Name	ID	Date_of Birth	position	Validation remarks
dam 	1	02-04-1992	Manager 	
dana		02-04-1992	Associate	1
rich	3	02-04-1992	VP	
danial	4	02-04-1992	CEO	
mathew		02-04-1910	Manager 	1

但问题在于,我无法确定函数标记为1的原因是什么,是因为ID列为空,还是因为出生日期超过100年,或者两者都可能。

所以我想知道是否可以附加原因,如下所示。

Name	ID	Date_of Birth	position	Validation remarks
dam 	1	02-04-1992	Manager 	
dana		02-04-1992	Associate	ID为空
rich	3	02-04-1992	VP	
danial	4	02-04-1992	CEO	
mathew		02-04-1910	Manager 	['ID为空', '出生日期超过100年']

也就是说,如果行的ID为空,那么稍后如果它还具有出生日期超过100年,也附加该值,就像上面一样。

我只想知道如何将值附加到Validation remarks

英文:

I am new to Databricks so bear with me if I sound stupid.
I have a requirement wherein I am doing validations to a data frame and I currently have defined functions for each validation like one for null-check one for Date_range, every time my function meets the validation rules it should mark 1 in **Validation_remark **column like below

Name	ID	Date_of Birth	position	Validation remarks
dam 	1	02-04-1992	Manager 	
dana		02-04-1992	Associate	1
rich	3	02-04-1992	VP	
danial	4	02-04-1992	CEO	
mathew		02-04-1910	Manager 	1

but the problem here here is i am not able to figure out what is the reason for the function to mark it 1 whether it's because ID col is empty or whether it's because Date_of_birth os > 100 years or may be both.

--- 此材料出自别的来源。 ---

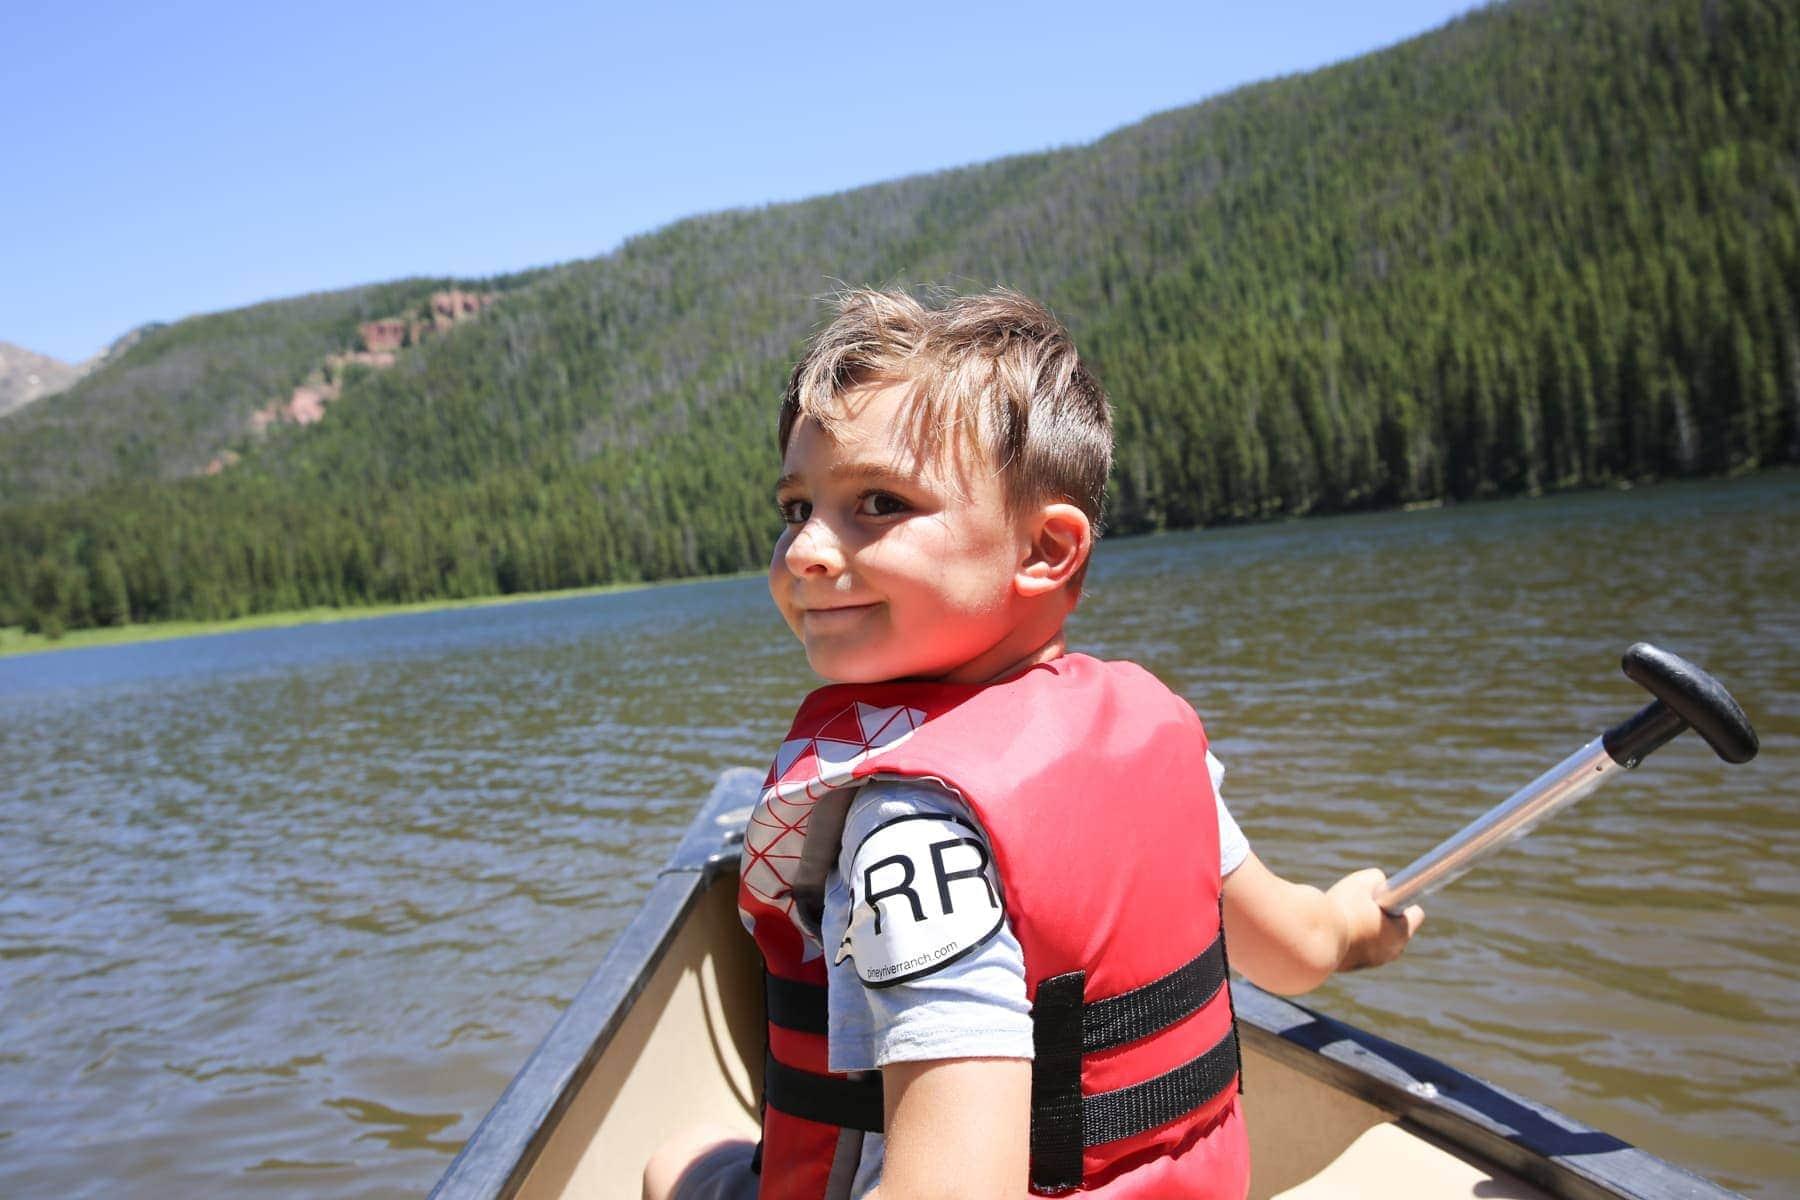 boy on canoe
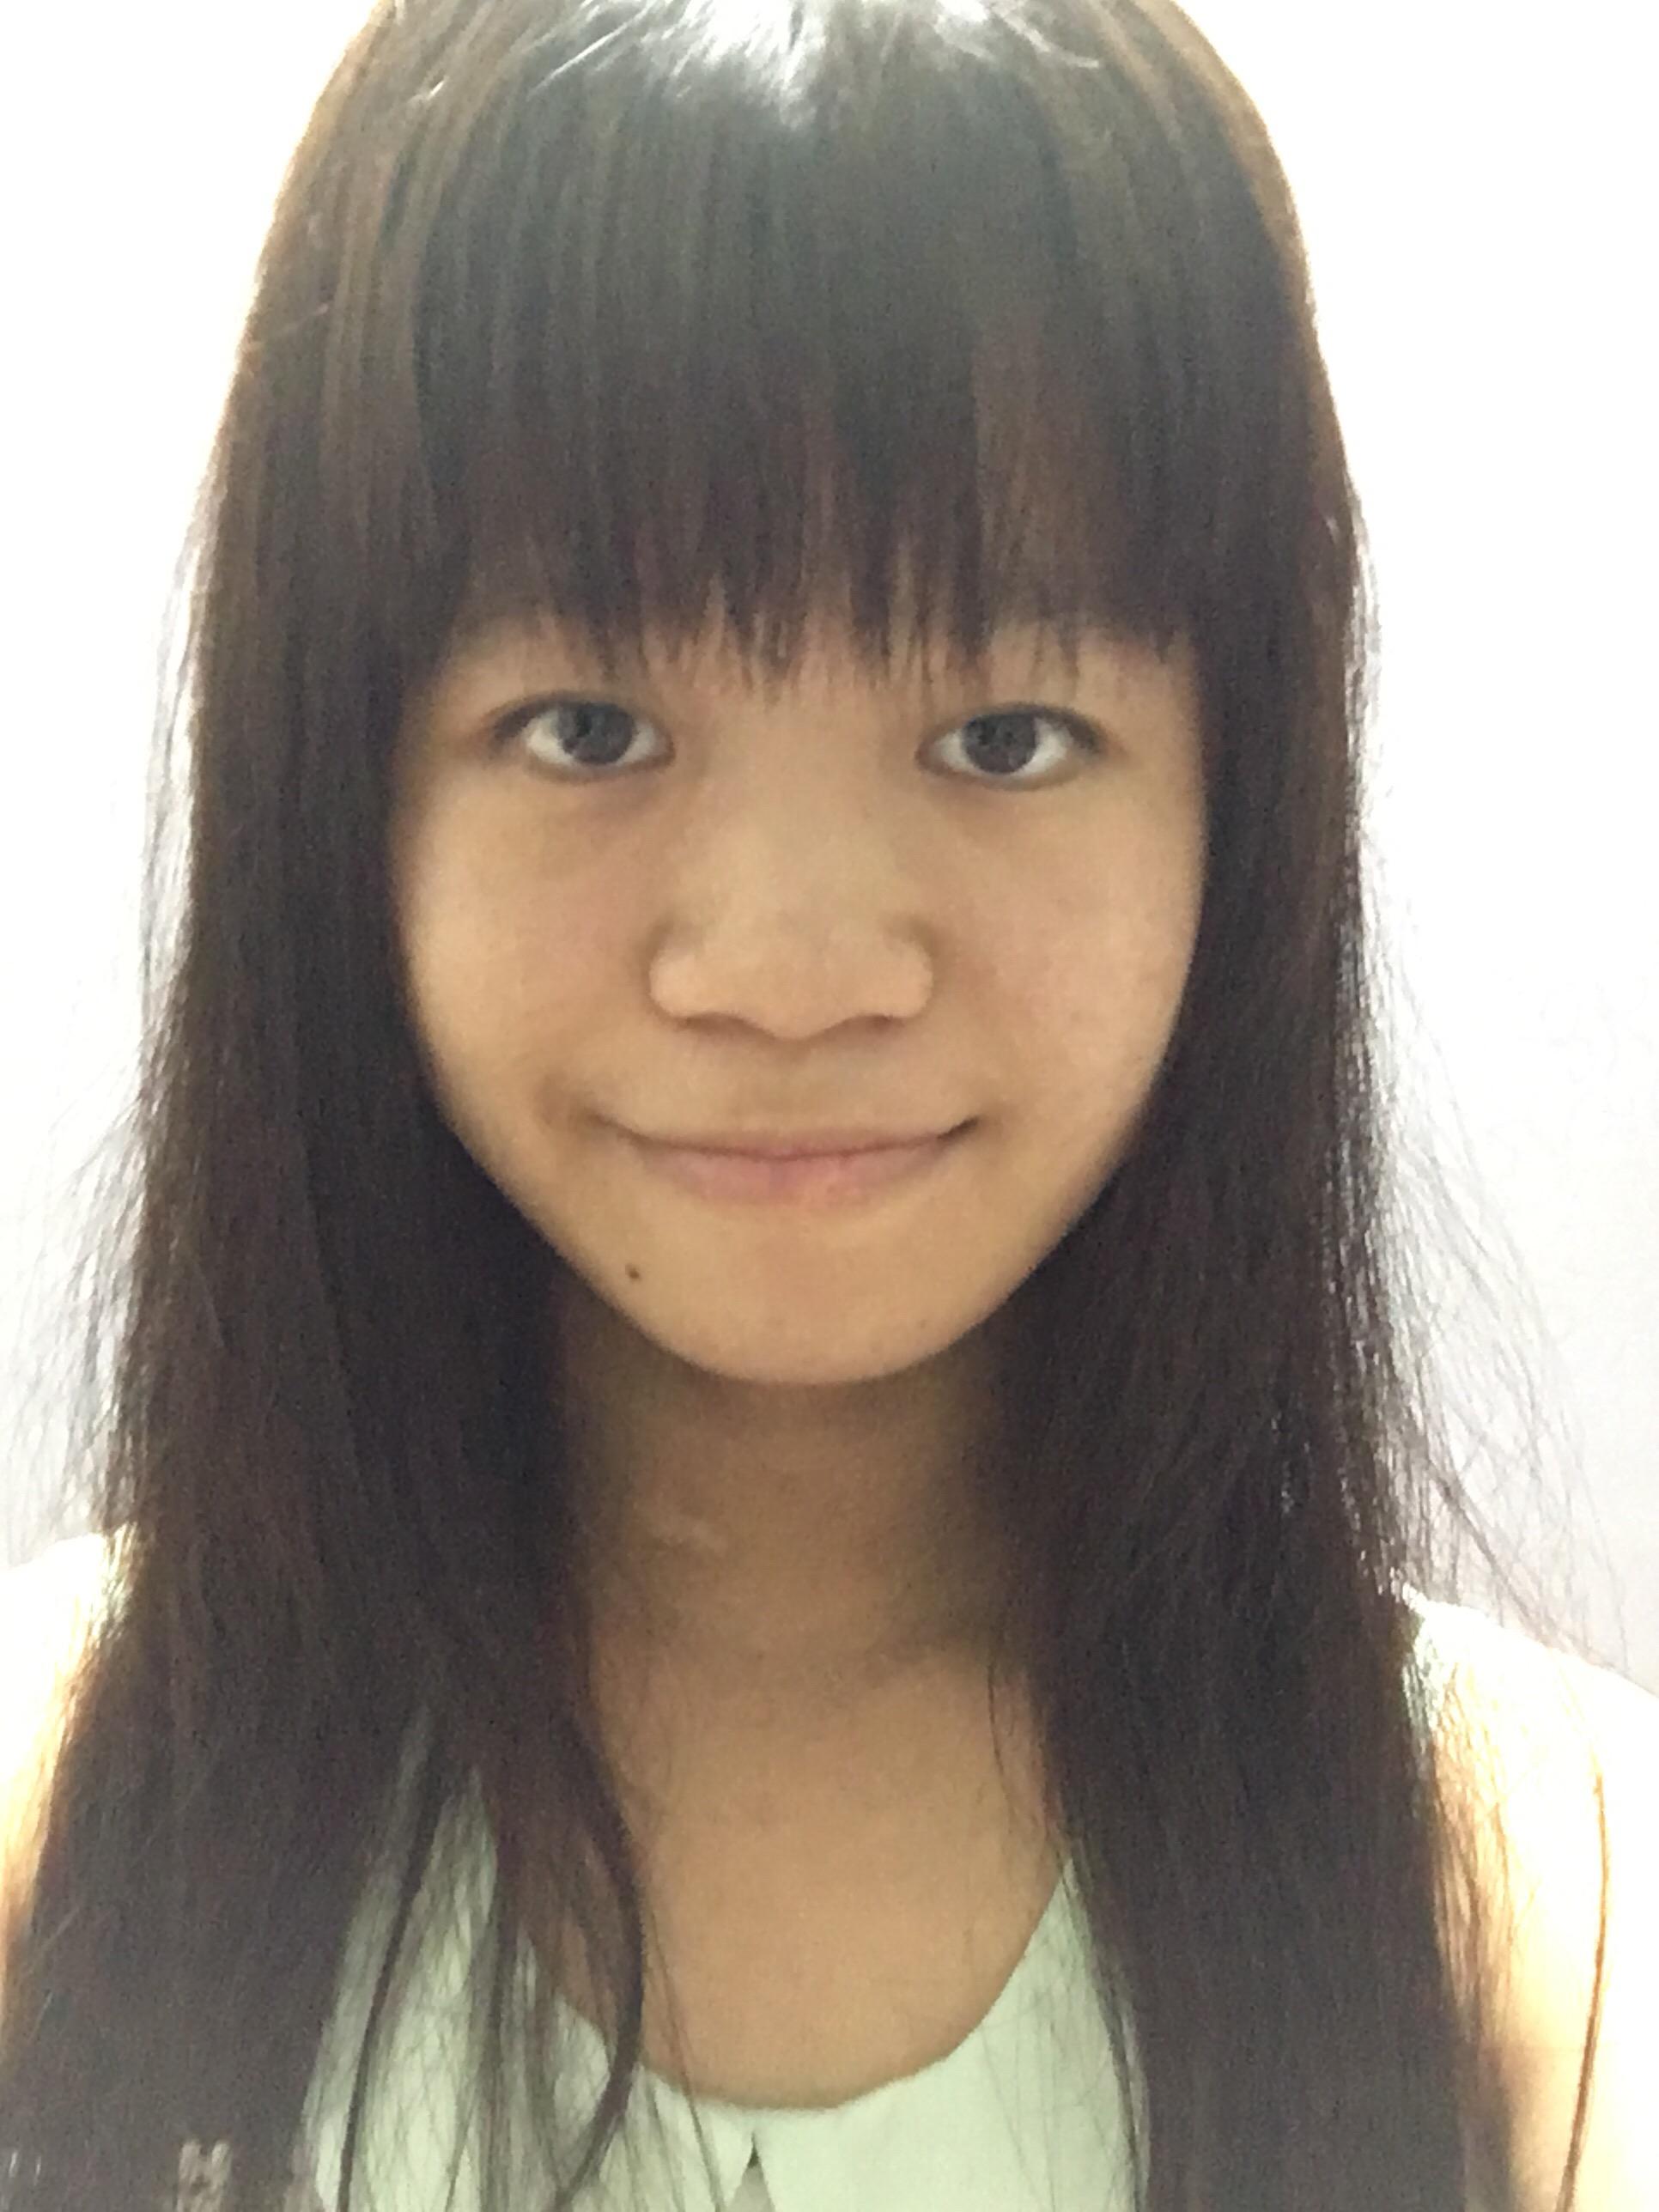 Ms. Teo Ling Xuan

So I want to know if I can append the reason like below.

Name	ID	Date_of Birth	position	Validation remarks
dam 	1	02-04-1992	Manager 	
dana		02-04-1992	Associate	ID id null
rich	3	02-04-1992	VP	
danial	4	02-04-1992	CEO	
mathew		02-04-1910	Manager 	['ID is null', 'Date_of_Birth is > 100 years']

i.e if the row have blank ID then note that late if it also has Date_of Birth > 100 years append that value as well like above.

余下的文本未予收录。